Es war kalt in dieser Nacht im April des Jahres 2010
Verfasst: 07.04.2010, 19:57
Als sich Eloise am Montag aus dem Bett quälte, fehlte etwas. Sie setzte sich auf ihren venezianischen Stuhl auf dem kleinen Balkon im 5. Stock, zog den dunkelblauen Frotteemorgenmantel enger, fuhr mit dem Finger über den eingestickten Namen über ihrer Brust und rauchte ihre erste Zigarette. Asche fiel in seine Büffelledermokassins. Aus ihrem gesunden Auge quollen Tränen, das Glasauge blieb trocken. Sie versuchte sich zu erinnern, welche Melodie sie mitten in der Nacht geweckt hatte. Die Kippe zwischen den Lippen, spielte sie auf ihrem Luftklavier, stockte. Immer wieder. Ließ schließlich die Arme sinken, stand auf, drückte die Glut auf dem Geländer aus, schaute nicht nach unten. Sie hängte ihre Blicke zwischen die Zweige zu den ersten aufgeplatzten Blüten des Kirschbaumes. Der Knoten hatte sich zusammengezogen. Wie fest er war. Sie spürte ihn in ihrer Magengrube. Die Spuren in ihren Händen wässerten noch. Das Seil, ihre Wut, das Geräusch - blau. Sie würde Heilsalbe bestellen. Ein Arzt würde sie sich anschauen. Wahrscheinlich schon Morgen.

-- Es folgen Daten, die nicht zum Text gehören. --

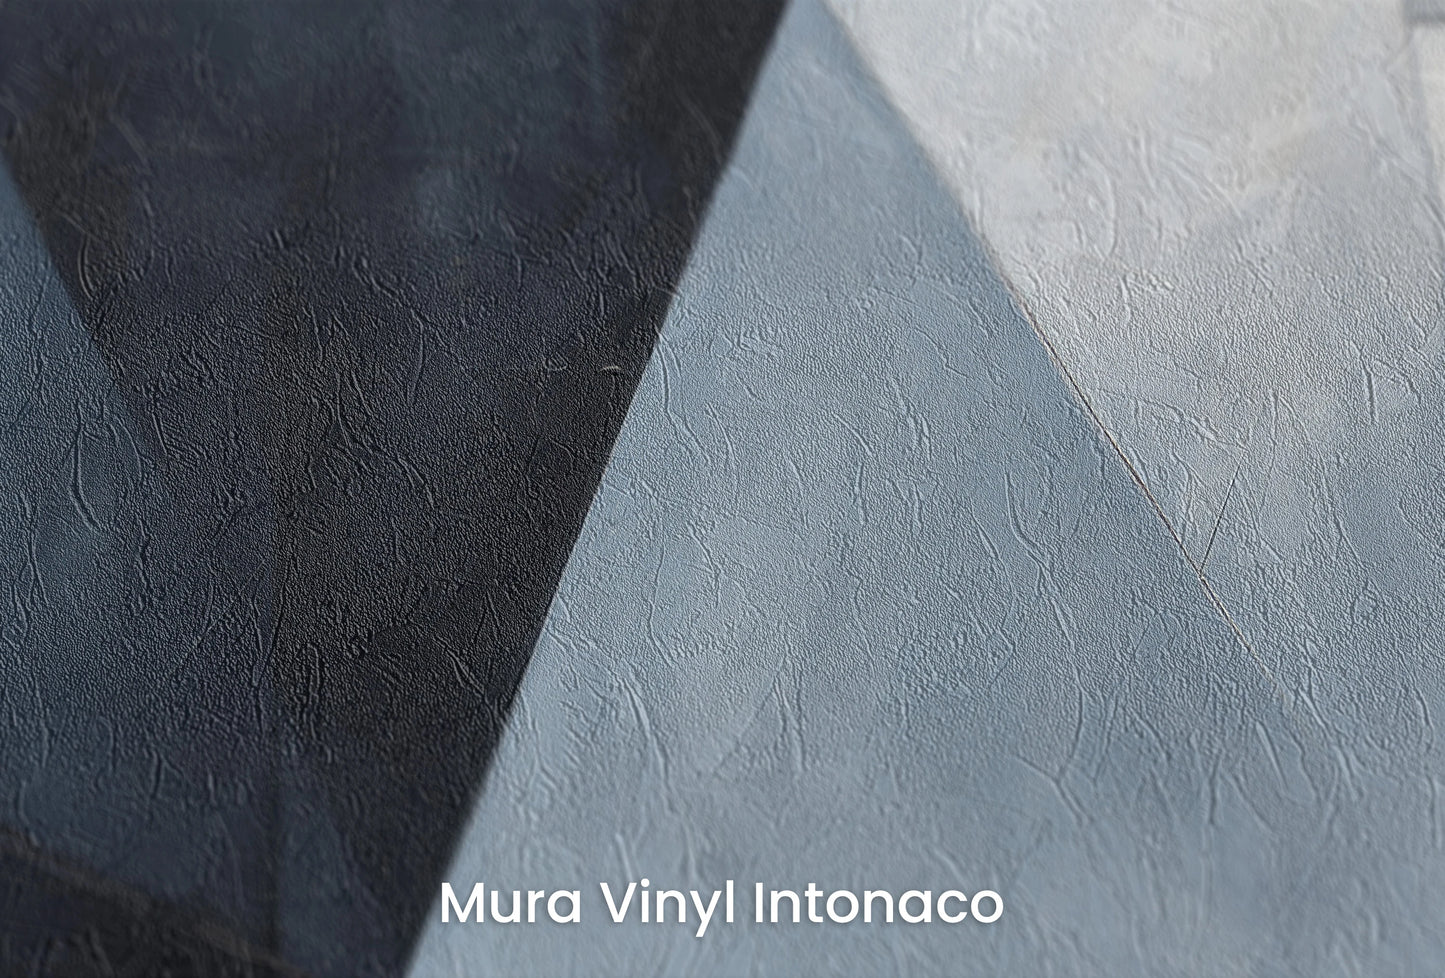 Zbliżenie na artystyczną fototapetę o nazwie Angular Elegance na podłożu Mura Vinyl Intonaco - struktura tartego tynku.

Eloise ging zurück ins Schlafzimmer, bückte sich, griff unters Bett und zog sein iPhone hervor. Eine Staubfluse hatte sich zwischen die zersplitterte Oberfläche geklemmt. Es blieb schwarz, die MMS war von der Bildfläche verschwunden. Eine klitzekleine Datenmenge. Mehr nicht. Sie nahm ihr Auge aus dem Gesicht, legte es aufs Nachttischchen zwischen die Porzellantierchen, daneben die tickende Uhr und das Fußkettchen mit den lustig klimpernden Herzhälften. Dann schüttelte sie die Bettdecke aus, legte sich ausgestreckt darauf, faltete die Hände und wartete auf einen Schrei.
Änderung nach Sams Anregung, der erste Satz lautete vorher: Als sich Eloise am Montag aus dem Bett quälte, fehlte ihr etwas.